Onlara, “Size demin söyledim, ama dinlemediniz” dedi. “Niçin yeniden işitmek istiyorsunuz? Yoksa siz de mi O’nun öğrencileri olmak niyetindesiniz?”
Odpověděl jim: Již jsem vám pověděl, a neslyšeli jste? Což opět chcete slyšeti? Zdaliž i vy chcete učedlníci jeho býti?
Adama söverek, “O’nun öğrencisi sensin!” dediler. “Biz Musa’nın öğrencileriyiz.
I zlořečili jemu a řekli: Budiž ty sám učedlníkem jeho, ale myť jsme Mojžíšovi učedlníci.
Tanrı’nın Musa’yla konuştuğunu biliyoruz. Ama bu adamın nereden geldiğini bilmiyoruz.”
My víme, že Mojžíšovi mluvil Bůh, tento pak nevíme, odkud jest.
Adam onlara şu karşılığı verdi: “Şaşılacak şey! O’nun nereden geldiğini bilmiyorsunuz, ama gözlerimi O açtı.
Odpověděl ten člověk a řekl jim: Toť jest jistě divná věc, že vy nevíte, odkud jest, a otevřel oči mé.
Tanrı’nın, günahkârları dinlemediğini biliriz. Ama Tanrı, kendisine tapan ve isteğini yerine getiren kişiyi dinler.
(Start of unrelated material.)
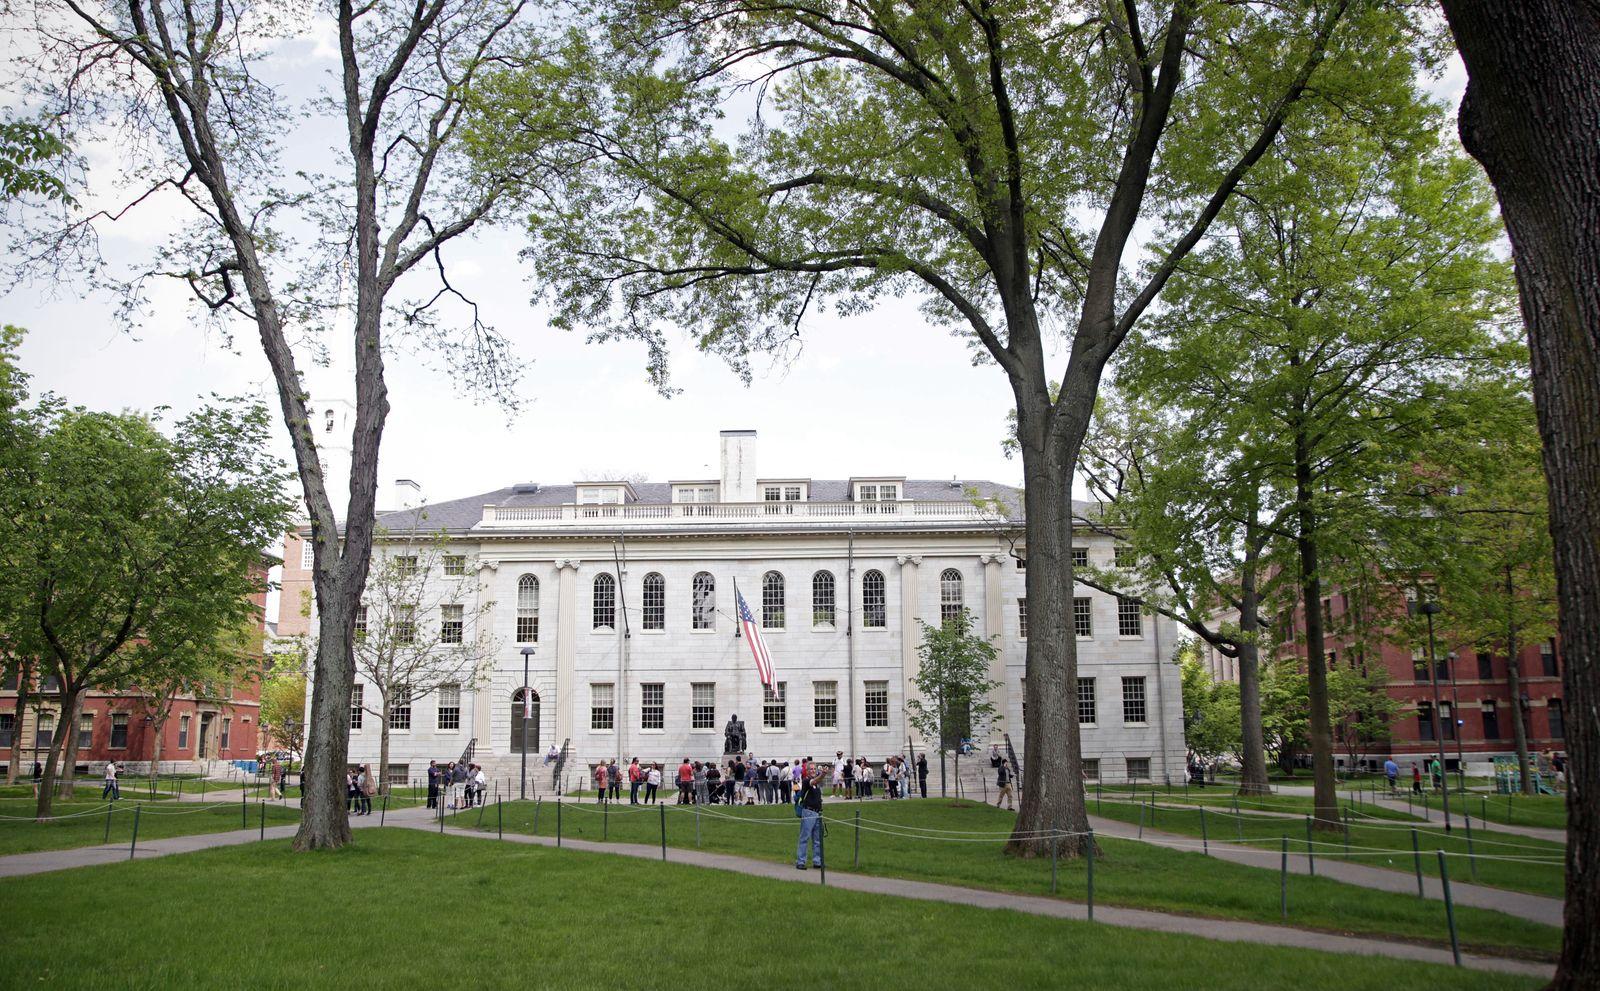 USA BOSTON 20 05 2016 Gel?nde der Harvard University in Boston USA
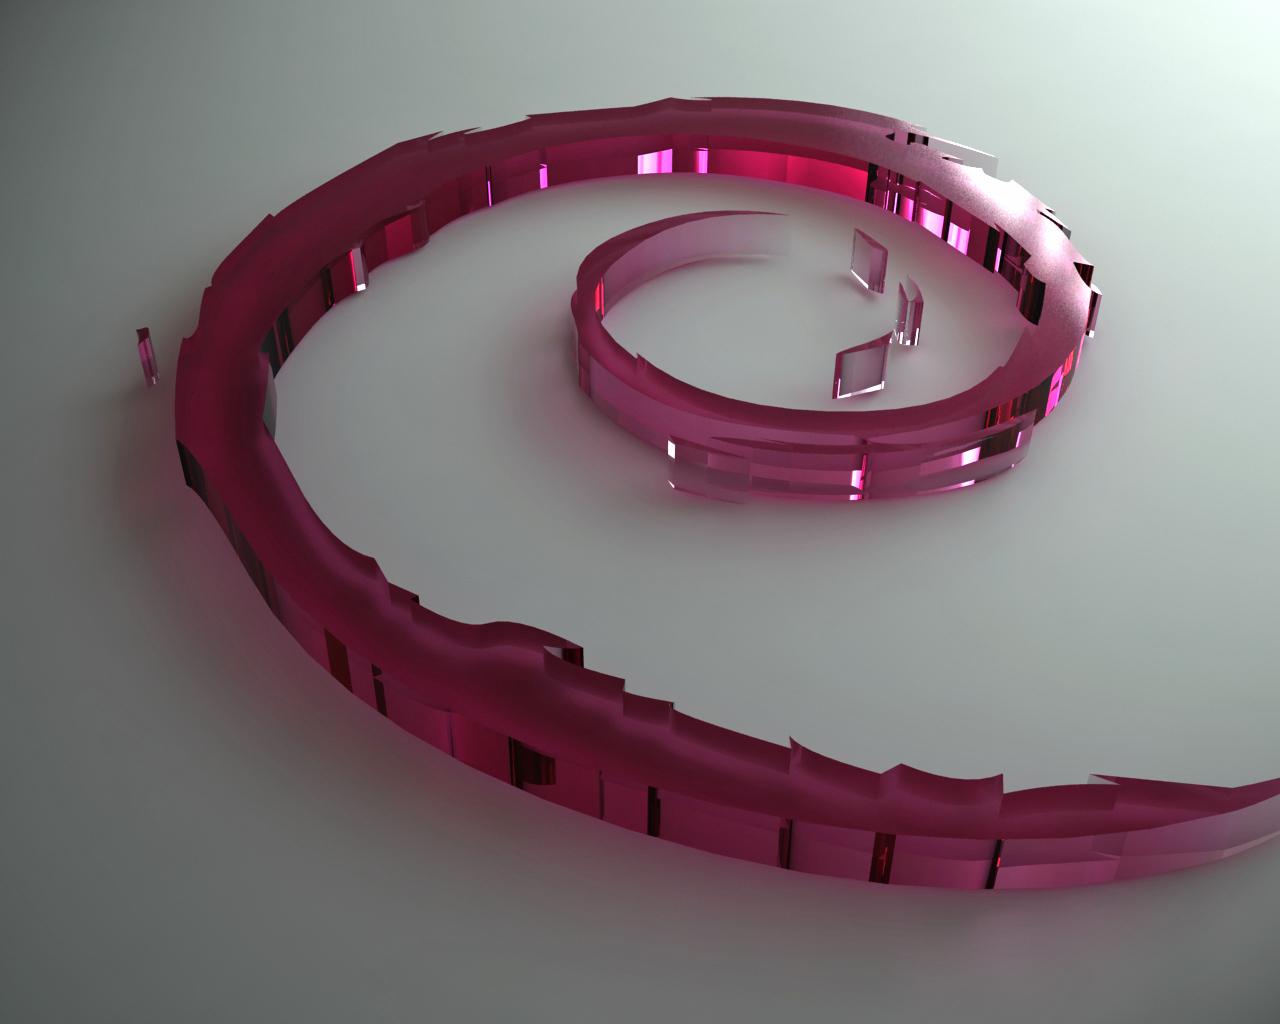 http://2.bp.blogspot.com/_579QThLM5tM/TIyZMu5VmcI/AAAAAAAAApk/l4wtjfXZiZM/s1600/wallpaper_coloredglass_debian_1280x1024.jpg

Víme pak, že Bůh hříšníků neslyší, ale kdo by byl ctitel Boží a vůli jeho činil by, toho slyší.
Dünya var olalı, bir kimsenin doğuştan kör olan birinin gözlerini açtığı duyulmamıştır.
Od věku není slýcháno, aby kdo otevřel oči slepého tak narozeného.
Bu adam Tanrı’dan olmasaydı, hiçbir şey yapamazdı.”
Byť tento nebyl od Boha, nemohlť by nic učiniti.
Onlar buna karşılık, “Tamamen günah içinde doğdun, sen mi bize ders vereceksin?” diyerek onu dışarı attılar.
Odpověděli a řekli jemu: Ty jsi všecken se v hříších narodil, a ty náš učíš? I vyhnali jej ven.
İsa adamı kovduklarını duydu. Onu bularak, “Sen İnsanoğlu’na iman ediyor musun?” diye sordu.
Uslyšel pak Ježíš, že jsou jej vyhnali ven. A když jej nalezl, řekl jemu: Věříš-liž ty v Syna Božího?
Adam şu yanıtı verdi: “Efendim, O kimdir? Söyle de kendisine iman edeyim.”
Odpověděl on a řekl: I kdož jest, Pane, abych věřil v něho?
İsa, “O’nu gördün. Şimdi seninle konuşan O’dur” dedi.
I řekl jemu Ježíš: I viděl jsi ho, a kterýž mluví s tebou, onť jest.
Adam, “Rab, iman ediyorum!” diyerek İsa’ya tapındı.
A on řekl: Věřím, Pane, a klaněl se jemu.
İsa, “Görmeyenler görsün, görenler kör olsun diye yargıçlık etmek üzere bu dünyaya geldim” dedi.
I řekl jemu Ježíš: Na soud přišel jsem já na tento svět, aby ti, kteříž nevidí, viděli, a ti, jenž vidí, aby slepí byli.
O’nun yanında bulunan bazı Ferisiler bu sözleri işitince, “Yoksa biz de mi körüz?” diye sordular.
I slyšeli to někteří z farizeů, kteříž s ním byli, a řekli jemu: Zdali i my slepí jsme?
İsa, “Kör olsaydınız günahınız olmazdı” dedi, “Ama şimdi, ‘Görüyoruz’ dediğiniz için günahınız duruyor.”
Řekl jim Ježíš: Byste slepí byli, hříchu byste neměli; ale nyní pravíte: Vidíme, protož hřích váš zůstává.